Elio Germano: L'uscita in così poche sale è un mio grande rammarico. Chi è a Roma potrà vedere il film in un solo cinema. E' davvero triste vedere tutto il nostro lavoro buttato così, soprattutto per chi, come me, vi ha partecipato praticamente gratis, quando poi ci sono film che escono in 650 sale. C'è bisogno di leggi che in Italia mancano. Un film italiano non può uscire in così poche copie, le sale non posso riempirsi soltanto di Mission: Impossible III e Il Codice Da Vinci. E il problema non è solo cinematografico, la differenza di 650 a 8 può essere ritrovata in tutti i campi artistici, come per esempio quello musicale. La qualità è sempre più nascosta a chi la deve scoprire.

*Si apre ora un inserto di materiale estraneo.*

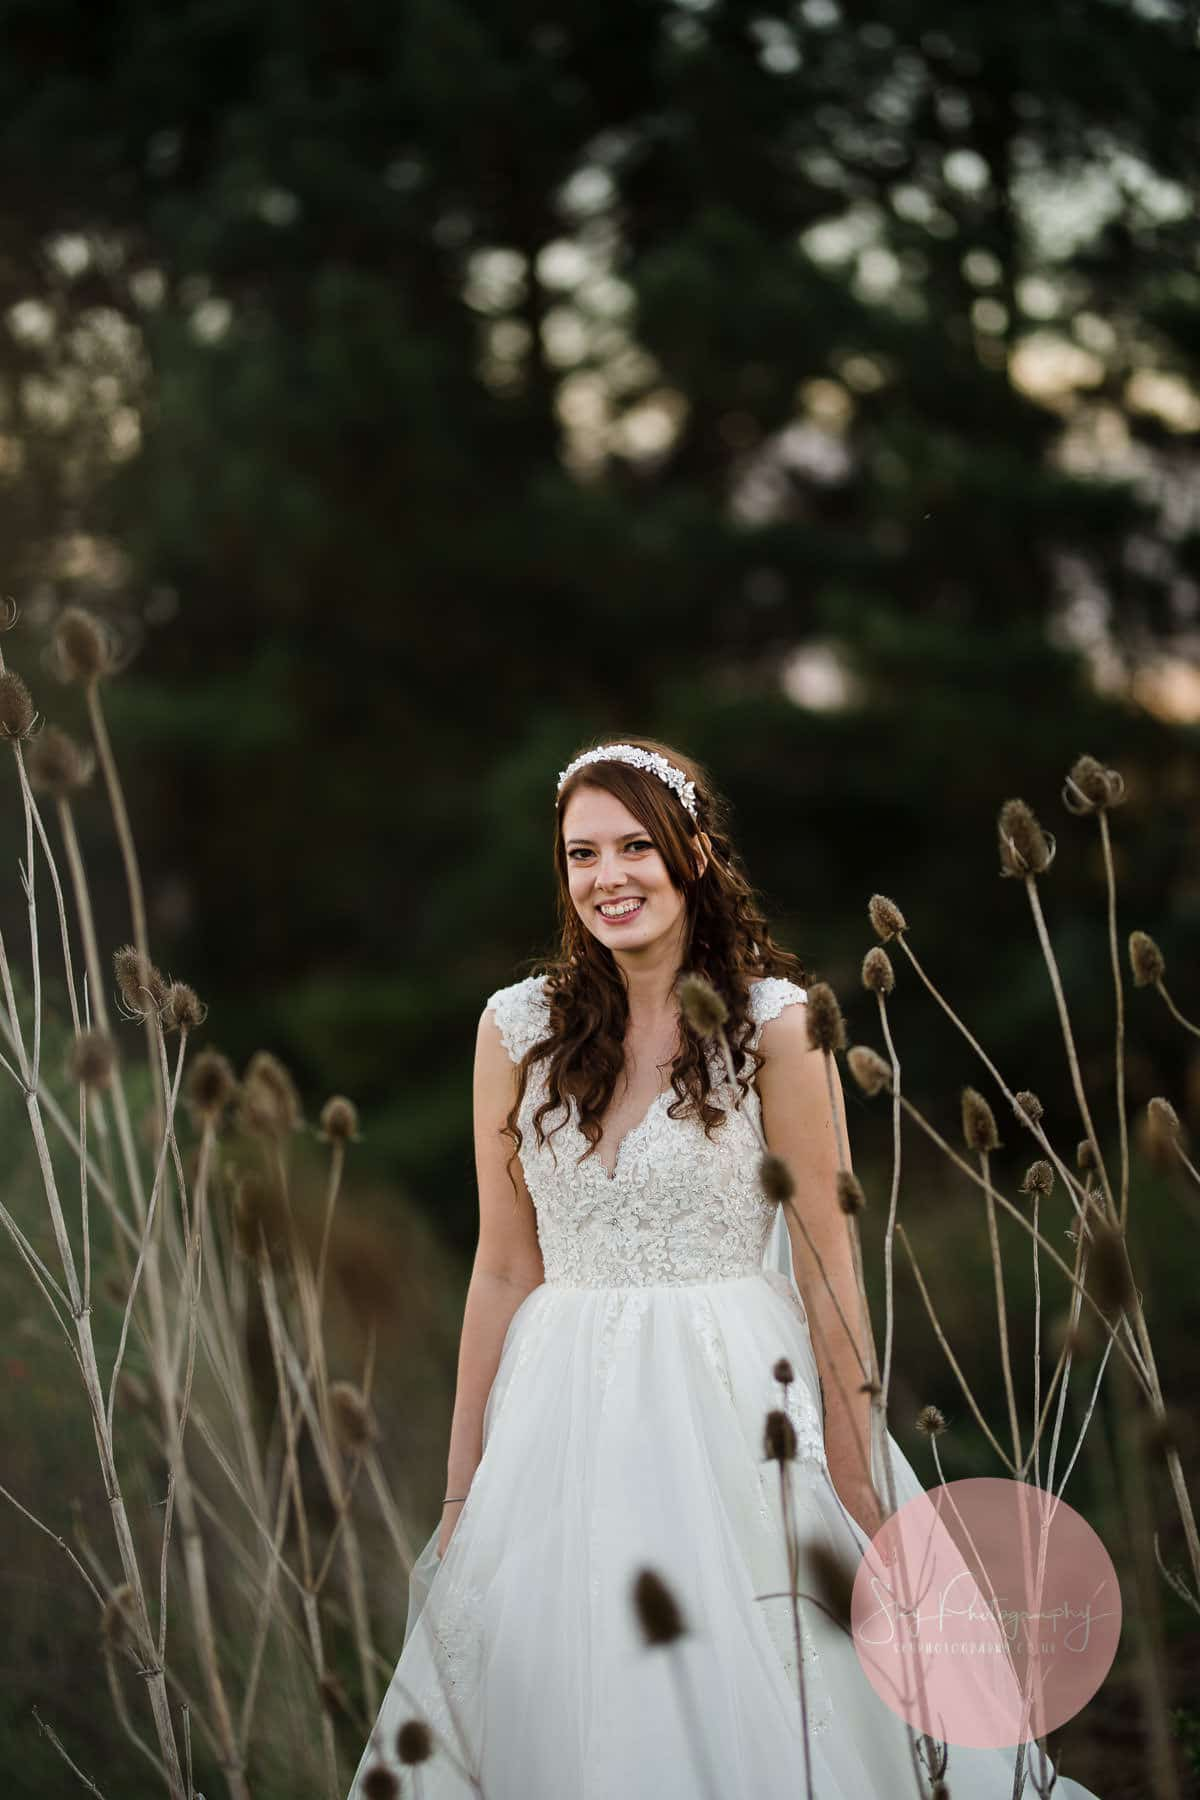 Dodmoor house wedding bride and groom portaits
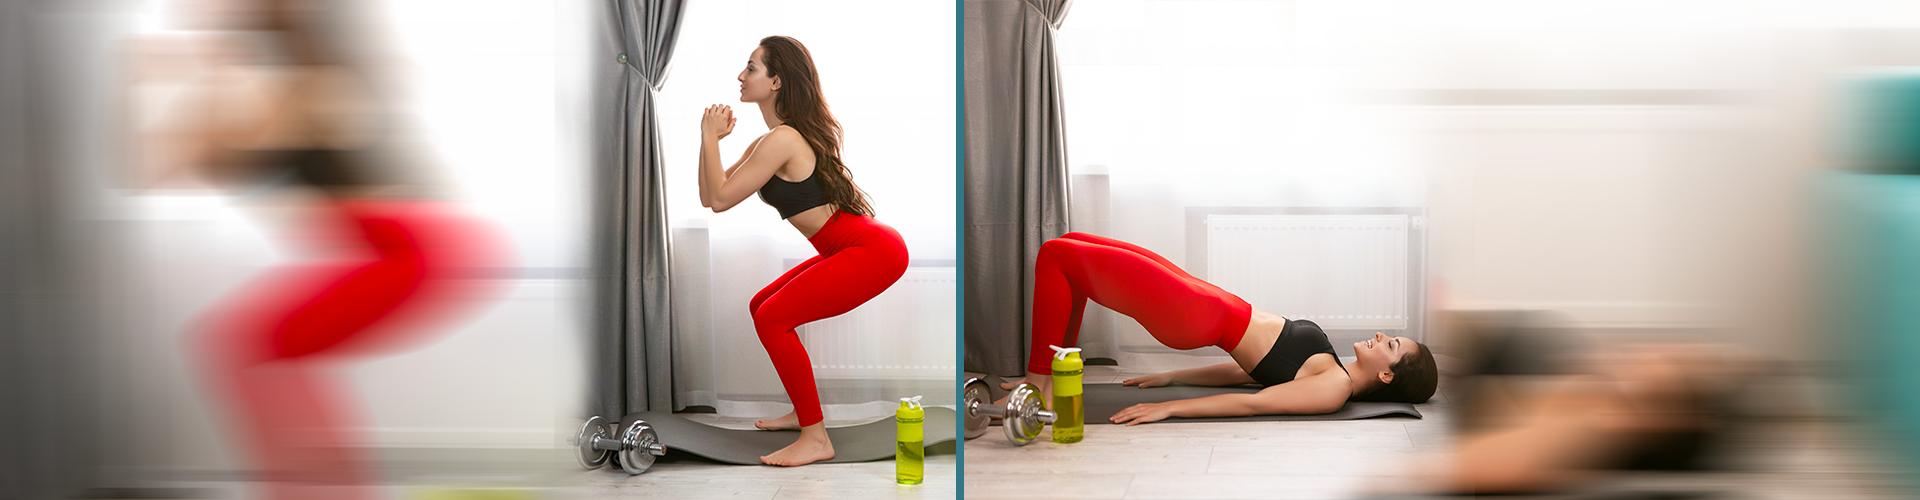 SLIDE-BLOG-hip-thrust-squat

Libero De Rienzo: Il problema è capire se c'è un criterio etico alla base. Trovo sia giusto che convivano sia il commerciale che l'avanguardia, ma è sempre dai risultati di quest'ultima che si sposta l'orizzonte del visibile del commerciale. Se scompare l'avanguardia il cinema muore. Ormai se uno vuole emozionarsi con le immagini deve andare in un museo e non è giusto perché ci dovrebbe essere il cinema per questo. Una volta un film passava in tv dopo quattro anni, dopo essere stato digerito in sala. Ci viene detto che le cose vanno così perché il pubblico vuole vedere film come Il mio peggior nemico e Mission Impossible, ma io non ci credo. Sento tanta gente che si è stufata di andare al cinema perché non ci passa più nulla di stimolante. Mi piacerebbe che queste persone si facessero sentire, uscendo fuori e tornando in sala, a vedere cose diverse, come il nostro film, che ha come uniche, grandi ambizioni l'arte e il desiderio di alzare il livello del cinema italiano. Voglio dare un messaggio preciso, voglio urlare che un altro cinema è possibile, e vorrei tanto che ci fosse una possibilità concreta di democrazia e che tutti quelli che desiderano cinema abbiano modo di vedere questo film, anche se poi finiranno per sputarmi addosso perché non gli è piaciuto.